Stored data entries
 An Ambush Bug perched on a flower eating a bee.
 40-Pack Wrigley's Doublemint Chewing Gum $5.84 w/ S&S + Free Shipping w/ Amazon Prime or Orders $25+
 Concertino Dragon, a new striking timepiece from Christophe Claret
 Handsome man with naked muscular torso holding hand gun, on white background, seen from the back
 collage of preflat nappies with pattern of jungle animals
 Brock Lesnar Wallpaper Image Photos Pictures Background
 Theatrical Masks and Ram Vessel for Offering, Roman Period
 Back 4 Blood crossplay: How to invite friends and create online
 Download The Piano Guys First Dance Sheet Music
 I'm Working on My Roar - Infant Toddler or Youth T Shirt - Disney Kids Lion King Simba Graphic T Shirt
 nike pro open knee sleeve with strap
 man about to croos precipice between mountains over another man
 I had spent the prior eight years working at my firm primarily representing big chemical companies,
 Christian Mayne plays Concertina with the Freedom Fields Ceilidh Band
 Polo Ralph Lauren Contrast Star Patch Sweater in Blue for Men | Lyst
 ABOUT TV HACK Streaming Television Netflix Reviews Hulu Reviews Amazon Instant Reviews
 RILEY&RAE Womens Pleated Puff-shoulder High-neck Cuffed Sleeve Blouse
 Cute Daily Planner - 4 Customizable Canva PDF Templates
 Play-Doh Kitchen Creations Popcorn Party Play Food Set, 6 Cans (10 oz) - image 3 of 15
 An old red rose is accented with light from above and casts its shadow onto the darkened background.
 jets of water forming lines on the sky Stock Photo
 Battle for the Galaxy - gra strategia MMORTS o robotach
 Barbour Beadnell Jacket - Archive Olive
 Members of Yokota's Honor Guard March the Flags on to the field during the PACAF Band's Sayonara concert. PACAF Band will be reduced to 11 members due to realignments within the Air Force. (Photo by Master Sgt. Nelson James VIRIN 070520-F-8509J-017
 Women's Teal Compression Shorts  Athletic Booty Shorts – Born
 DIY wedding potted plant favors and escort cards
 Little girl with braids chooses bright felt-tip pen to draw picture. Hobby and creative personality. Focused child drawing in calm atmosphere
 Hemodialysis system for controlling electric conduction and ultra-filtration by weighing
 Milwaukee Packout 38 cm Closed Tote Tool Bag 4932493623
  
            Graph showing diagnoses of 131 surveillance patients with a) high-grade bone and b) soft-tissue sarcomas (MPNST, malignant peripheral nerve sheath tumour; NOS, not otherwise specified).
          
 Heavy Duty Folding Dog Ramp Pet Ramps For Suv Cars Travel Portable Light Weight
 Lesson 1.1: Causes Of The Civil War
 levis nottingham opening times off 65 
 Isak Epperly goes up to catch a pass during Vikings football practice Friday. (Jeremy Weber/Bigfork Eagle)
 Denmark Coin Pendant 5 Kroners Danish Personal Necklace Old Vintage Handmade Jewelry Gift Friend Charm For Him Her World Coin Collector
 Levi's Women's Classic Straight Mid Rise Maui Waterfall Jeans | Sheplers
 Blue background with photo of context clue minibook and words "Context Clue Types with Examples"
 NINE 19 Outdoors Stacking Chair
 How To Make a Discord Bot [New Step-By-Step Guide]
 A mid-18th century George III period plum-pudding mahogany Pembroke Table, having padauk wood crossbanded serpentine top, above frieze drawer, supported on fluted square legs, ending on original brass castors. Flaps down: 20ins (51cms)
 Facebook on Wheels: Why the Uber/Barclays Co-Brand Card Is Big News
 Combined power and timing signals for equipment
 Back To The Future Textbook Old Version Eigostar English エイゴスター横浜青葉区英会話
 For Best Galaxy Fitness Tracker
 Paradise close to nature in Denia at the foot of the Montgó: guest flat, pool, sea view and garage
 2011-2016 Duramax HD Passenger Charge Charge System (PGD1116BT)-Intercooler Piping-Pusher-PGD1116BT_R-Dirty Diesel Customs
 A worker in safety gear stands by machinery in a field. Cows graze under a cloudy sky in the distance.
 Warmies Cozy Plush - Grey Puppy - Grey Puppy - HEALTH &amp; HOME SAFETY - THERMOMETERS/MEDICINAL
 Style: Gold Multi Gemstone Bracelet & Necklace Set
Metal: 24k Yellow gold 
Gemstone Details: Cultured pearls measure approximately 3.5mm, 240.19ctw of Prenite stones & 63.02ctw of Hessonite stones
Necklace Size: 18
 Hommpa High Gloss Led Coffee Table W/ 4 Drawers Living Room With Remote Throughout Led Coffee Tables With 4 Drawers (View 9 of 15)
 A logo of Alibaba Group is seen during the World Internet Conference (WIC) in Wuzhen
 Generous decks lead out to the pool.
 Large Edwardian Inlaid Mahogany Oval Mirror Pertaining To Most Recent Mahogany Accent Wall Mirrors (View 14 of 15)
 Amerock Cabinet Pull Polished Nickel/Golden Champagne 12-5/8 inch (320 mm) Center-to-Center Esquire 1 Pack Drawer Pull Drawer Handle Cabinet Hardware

### Problem requirements
Whatever the entries above contain, reproduce all of them exactly.

### Exercise solution
 An Ambush Bug perched on a flower eating a bee.
 40-Pack Wrigley's Doublemint Chewing Gum $5.84 w/ S&S + Free Shipping w/ Amazon Prime or Orders $25+
 Concertino Dragon, a new striking timepiece from Christophe Claret
 Handsome man with naked muscular torso holding hand gun, on white background, seen from the back
 collage of preflat nappies with pattern of jungle animals
 Brock Lesnar Wallpaper Image Photos Pictures Background
 Theatrical Masks and Ram Vessel for Offering, Roman Period
 Back 4 Blood crossplay: How to invite friends and create online
 Download The Piano Guys First Dance Sheet Music
 I'm Working on My Roar - Infant Toddler or Youth T Shirt - Disney Kids Lion King Simba Graphic T Shirt
 nike pro open knee sleeve with strap
 man about to croos precipice between mountains over another man
 I had spent the prior eight years working at my firm primarily representing big chemical companies,
 Christian Mayne plays Concertina with the Freedom Fields Ceilidh Band
 Polo Ralph Lauren Contrast Star Patch Sweater in Blue for Men | Lyst
 ABOUT TV HACK Streaming Television Netflix Reviews Hulu Reviews Amazon Instant Reviews
 RILEY&RAE Womens Pleated Puff-shoulder High-neck Cuffed Sleeve Blouse
 Cute Daily Planner - 4 Customizable Canva PDF Templates
 Play-Doh Kitchen Creations Popcorn Party Play Food Set, 6 Cans (10 oz) - image 3 of 15
 An old red rose is accented with light from above and casts its shadow onto the darkened background.
 jets of water forming lines on the sky Stock Photo
 Battle for the Galaxy - gra strategia MMORTS o robotach
 Barbour Beadnell Jacket - Archive Olive
 Members of Yokota's Honor Guard March the Flags on to the field during the PACAF Band's Sayonara concert. PACAF Band will be reduced to 11 members due to realignments within the Air Force. (Photo by Master Sgt. Nelson James VIRIN 070520-F-8509J-017
 Women's Teal Compression Shorts  Athletic Booty Shorts – Born
 DIY wedding potted plant favors and escort cards
 Little girl with braids chooses bright felt-tip pen to draw picture. Hobby and creative personality. Focused child drawing in calm atmosphere
 Hemodialysis system for controlling electric conduction and ultra-filtration by weighing
 Milwaukee Packout 38 cm Closed Tote Tool Bag 4932493623
  
            Graph showing diagnoses of 131 surveillance patients with a) high-grade bone and b) soft-tissue sarcomas (MPNST, malignant peripheral nerve sheath tumour; NOS, not otherwise specified).
          
 Heavy Duty Folding Dog Ramp Pet Ramps For Suv Cars Travel Portable Light Weight
 Lesson 1.1: Causes Of The Civil War
 levis nottingham opening times off 65 
 Isak Epperly goes up to catch a pass during Vikings football practice Friday. (Jeremy Weber/Bigfork Eagle)
 Denmark Coin Pendant 5 Kroners Danish Personal Necklace Old Vintage Handmade Jewelry Gift Friend Charm For Him Her World Coin Collector
 Levi's Women's Classic Straight Mid Rise Maui Waterfall Jeans | Sheplers
 Blue background with photo of context clue minibook and words "Context Clue Types with Examples"
 NINE 19 Outdoors Stacking Chair
 How To Make a Discord Bot [New Step-By-Step Guide]
 A mid-18th century George III period plum-pudding mahogany Pembroke Table, having padauk wood crossbanded serpentine top, above frieze drawer, supported on fluted square legs, ending on original brass castors. Flaps down: 20ins (51cms)
 Facebook on Wheels: Why the Uber/Barclays Co-Brand Card Is Big News
 Combined power and timing signals for equipment
 Back To The Future Textbook Old Version Eigostar English エイゴスター横浜青葉区英会話
 For Best Galaxy Fitness Tracker
 Paradise close to nature in Denia at the foot of the Montgó: guest flat, pool, sea view and garage
 2011-2016 Duramax HD Passenger Charge Charge System (PGD1116BT)-Intercooler Piping-Pusher-PGD1116BT_R-Dirty Diesel Customs
 A worker in safety gear stands by machinery in a field. Cows graze under a cloudy sky in the distance.
 Warmies Cozy Plush - Grey Puppy - Grey Puppy - HEALTH &amp; HOME SAFETY - THERMOMETERS/MEDICINAL
 Style: Gold Multi Gemstone Bracelet & Necklace Set
Metal: 24k Yellow gold 
Gemstone Details: Cultured pearls measure approximately 3.5mm, 240.19ctw of Prenite stones & 63.02ctw of Hessonite stones
Necklace Size: 18
 Hommpa High Gloss Led Coffee Table W/ 4 Drawers Living Room With Remote Throughout Led Coffee Tables With 4 Drawers (View 9 of 15)
 A logo of Alibaba Group is seen during the World Internet Conference (WIC) in Wuzhen
 Generous decks lead out to the pool.
 Large Edwardian Inlaid Mahogany Oval Mirror Pertaining To Most Recent Mahogany Accent Wall Mirrors (View 14 of 15)
 Amerock Cabinet Pull Polished Nickel/Golden Champagne 12-5/8 inch (320 mm) Center-to-Center Esquire 1 Pack Drawer Pull Drawer Handle Cabinet Hardware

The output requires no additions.